Optional Dependencies

For LangChain integration:

pip install synapse-meo[langchain]

For Autogen integration:

pip install synapse-meo[autogen]

πŸš€ Quick Start

Basic Usage

from meo import WisdomOrchestrator

# Create the orchestrator
orchestrator = WisdomOrchestrator()

# Define your agent as a callable
def my_agent(input_data):
    # Your agent logic here
    return {"result": "processed", "success": True}

# Run with MEO orchestration
result = orchestrator.run(agent=my_agent, input_data="Hello, world!")

print(result)
# {
#     "workflow_id": "...",
#     "result": {"result": "processed", "success": True},
#     "success": True,
#     "metadata": {}
# }

LangChain Integration

from langchain.chains import LLMChain
from langchain.llms import OpenAI
from langchain.prompts import PromptTemplate
from meo.integrations.langchain_wrapper import LangChainWrapper

# Create your LangChain components
llm = OpenAI(temperature=0.7)
prompt = PromptTemplate(
    input_variables=["topic"],
    template="Write a short poem about {topic}"
)
chain = LLMChain(llm=llm, prompt=prompt)

# Wrap with MEO
wrapper = LangChainWrapper()
enhanced_chain = wrapper.wrap_chain(chain)

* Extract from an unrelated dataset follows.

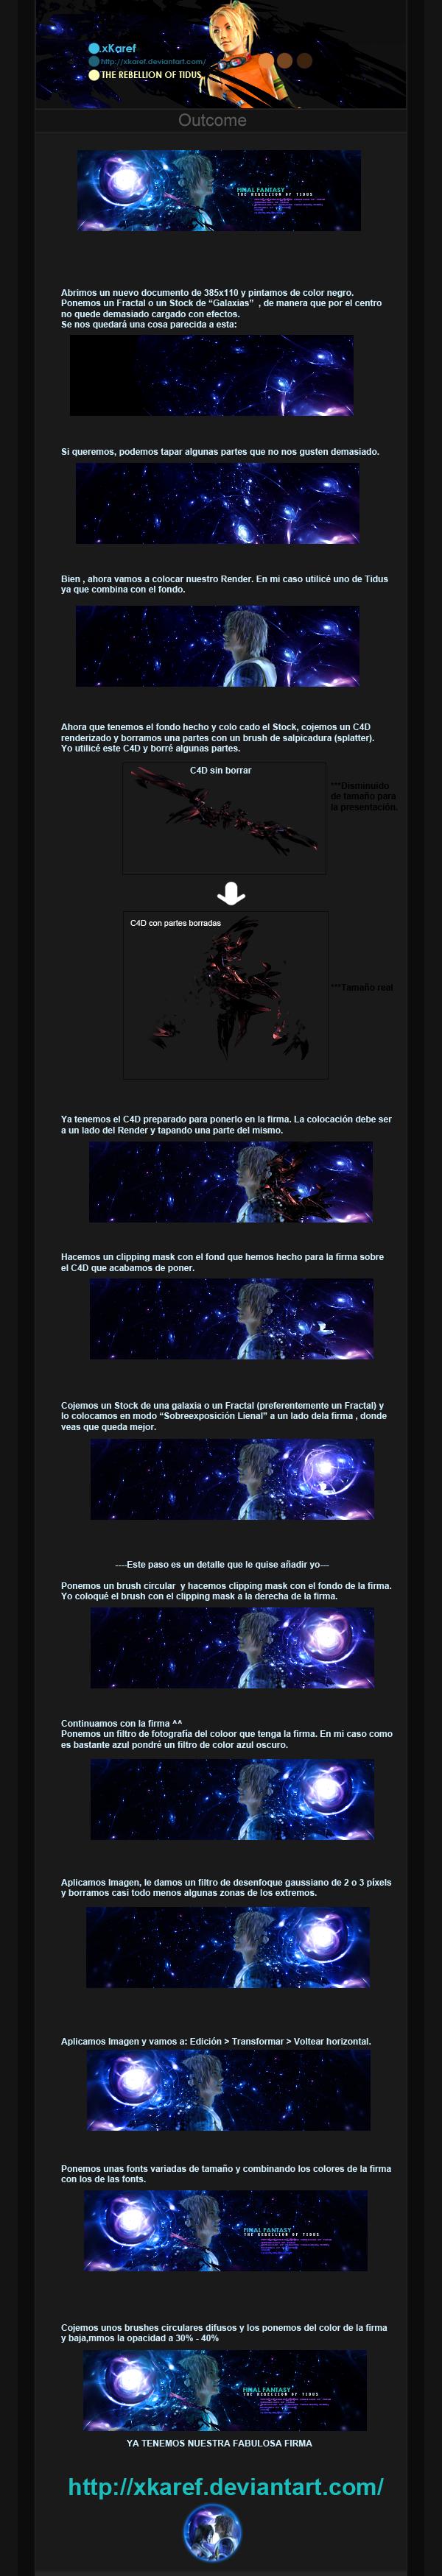 The Rebellion Of Tidus by .xKaref Tutorial_TIDUS_by_xKaref

# Use as normal - MEO tracks everything
result = enhanced_chain.invoke({"topic": "artificial intelligence"})

# Get insights from past runs
insights = wrapper.get_insights()
print(f"Learned {len(insights)} insights from previous executions")

Autogen Integration

from autogen import AssistantAgent, UserProxyAgent
from meo.integrations.autogen_wrapper import AutogenWrapper

# Create Autogen agents
assistant = AssistantAgent(
    name="assistant",
    llm_config={"model": "gpt-4"}
)

user_proxy = UserProxyAgent(
    name="user_proxy",
    human_input_mode="NEVER"
)

# Wrap with MEO
wrapper = AutogenWrapper()
enhanced_assistant = wrapper.wrap_agent(assistant)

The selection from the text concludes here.